Highlights include piano clunks as the Doctor moves his scary, lengthy medicinal needle towards Vireo; the piccolo making bird sounds sets the stage as the action moves back in time in Beginner: The Cow Song segment, though distressing, breaks into humour as a hilarious horn band performs in front of a cow while the others grab a grilled meal. Up to nine identical frames at once visually build the girls’ tensions in Boarding School. Sharp bright and dark lighting, atonal music, and hurdy-gurdy solo in Alcatraz build tension and grief. Orchestra members dressed in lab coats and characters in circus costumes fuel the busy Circus, featuring a successful stereotypical Queen-of-Sweden operatic performance by Deborah Voigt until the calming final solo departure of Vireo into the forest in My Name is Vireo.

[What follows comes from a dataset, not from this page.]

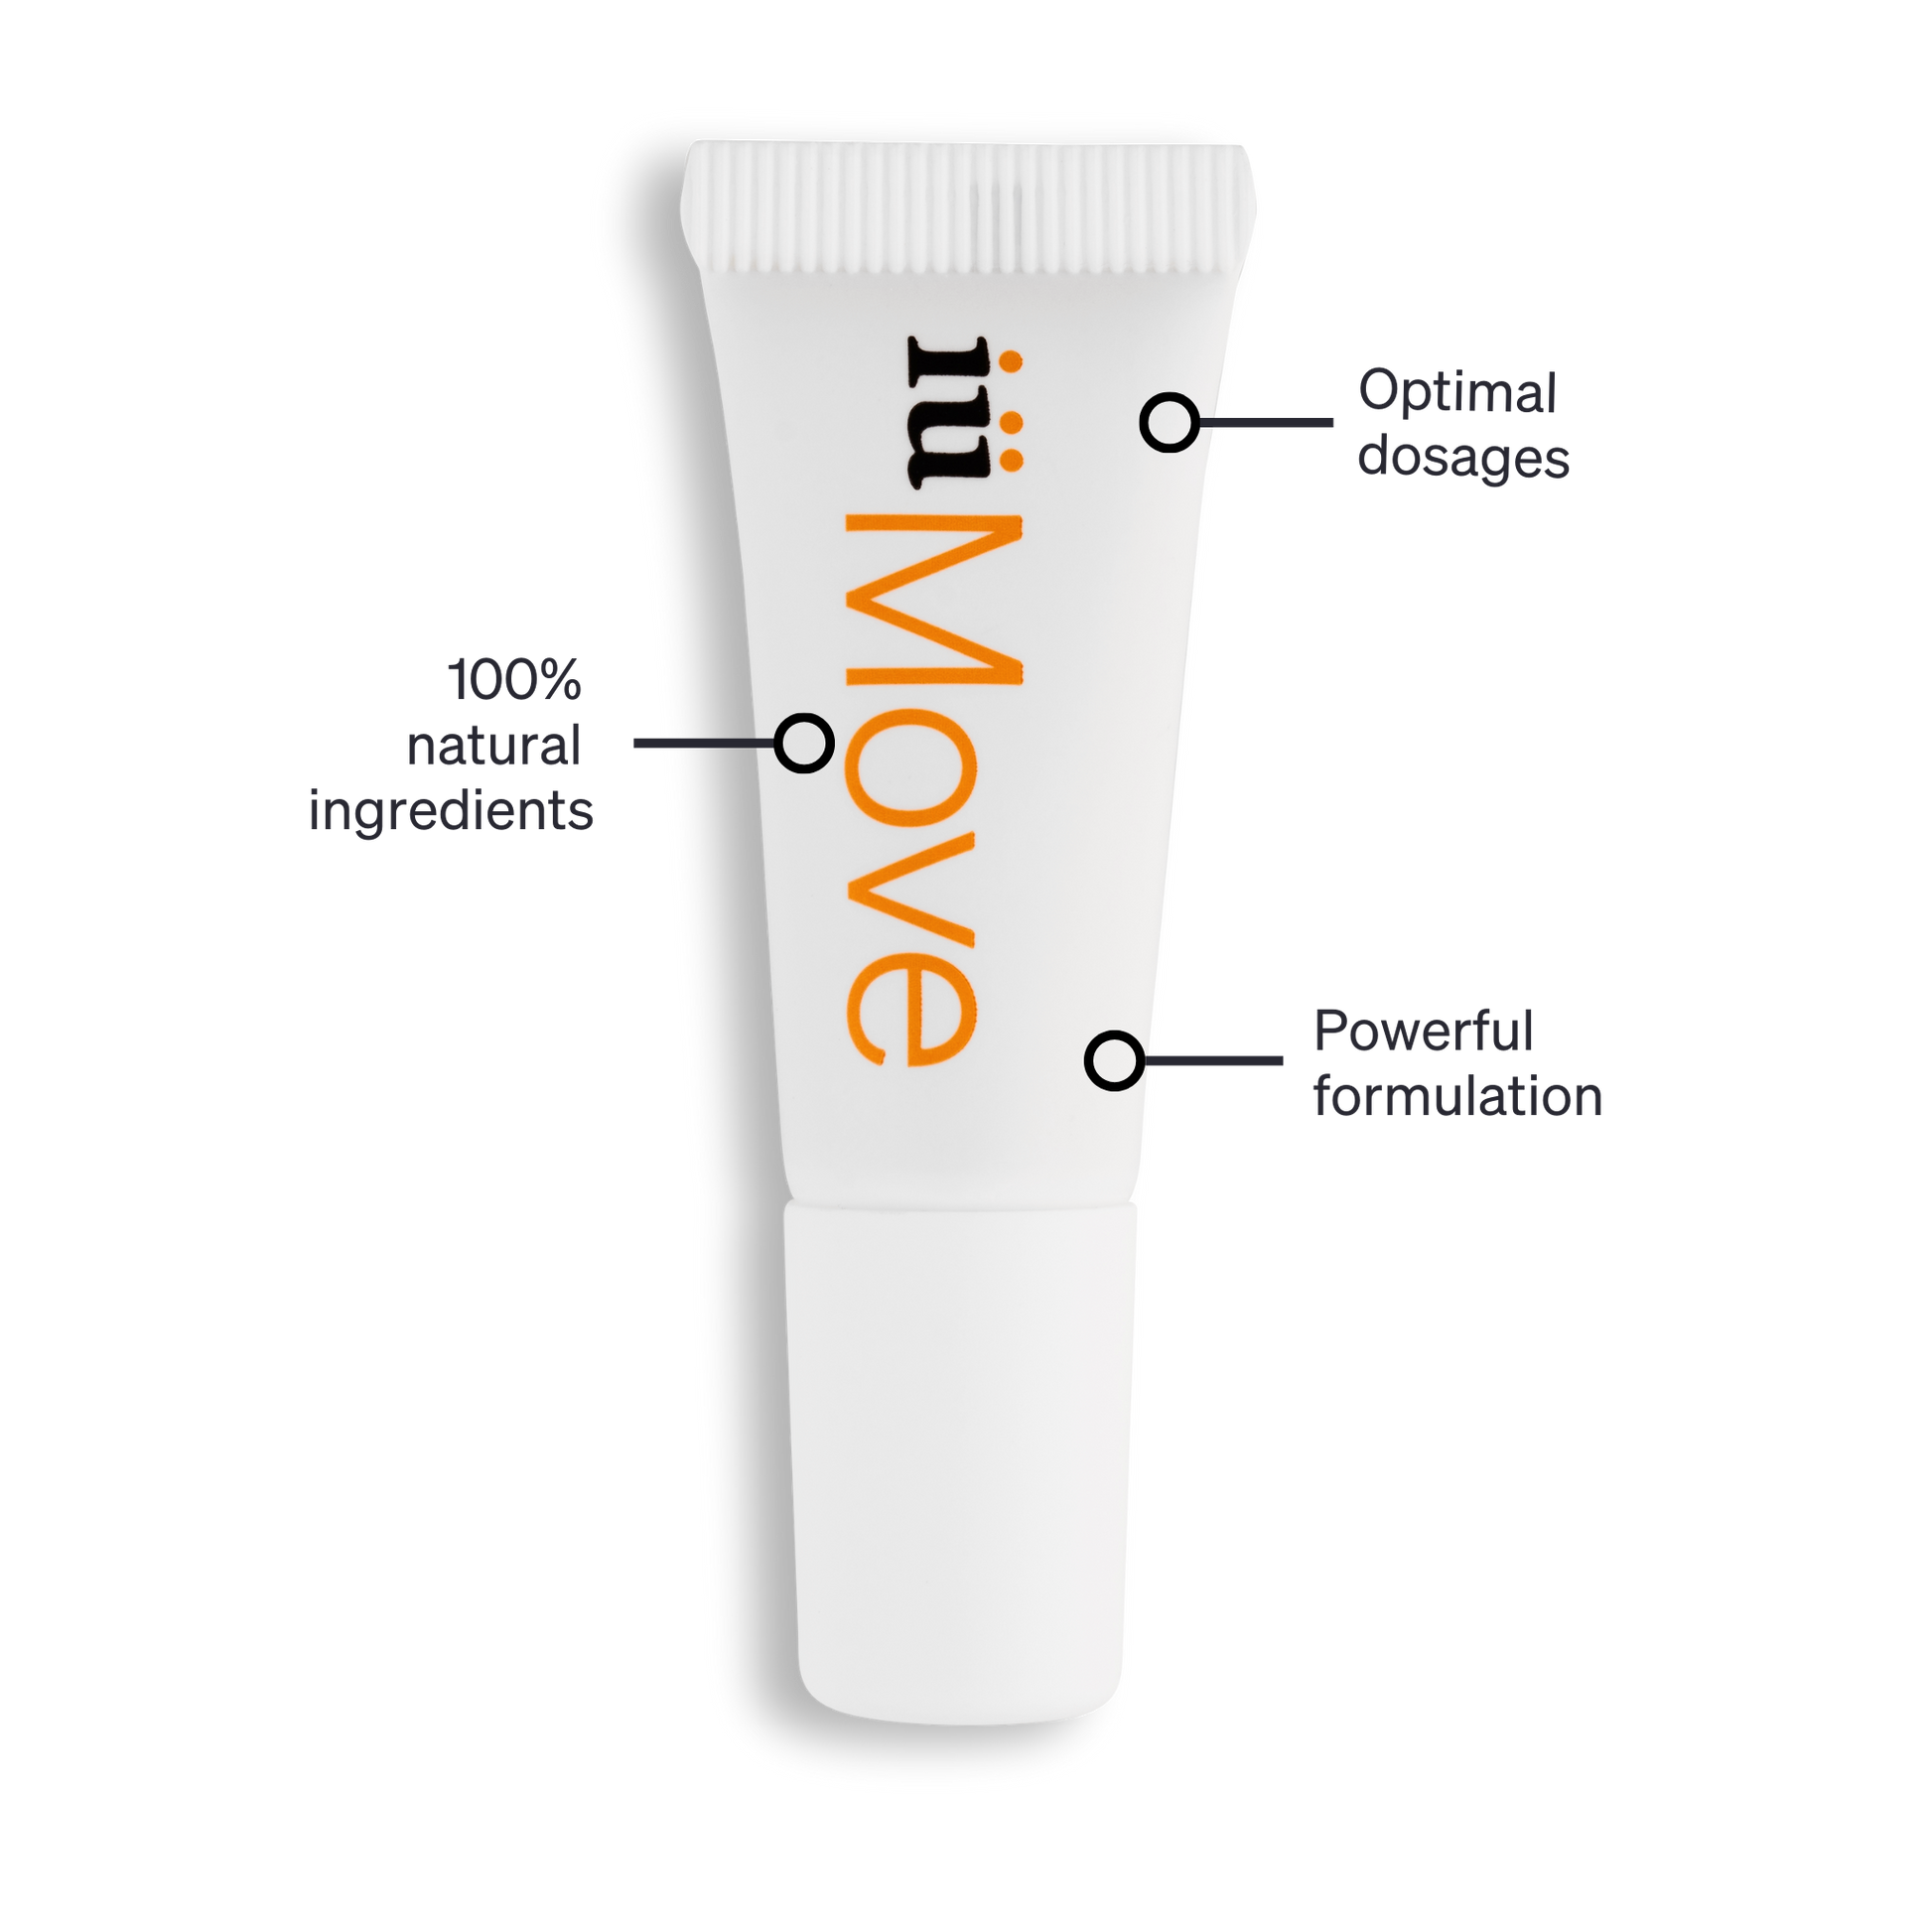 Solute tube, joint health supplement iüMove from iüLabs, optimal dosages, powerful formulations and 100% natural ingredients

The libretto is shown on the DVD yet the clear CD production makes understanding words with music manageable. Whether one watches the DVD film or listens to the CD, the detailed intense magic of music, sound, and visuals are uniquely compelling, troubling and entertaining! Everyone involved in the production and performances deserves a standing ovation.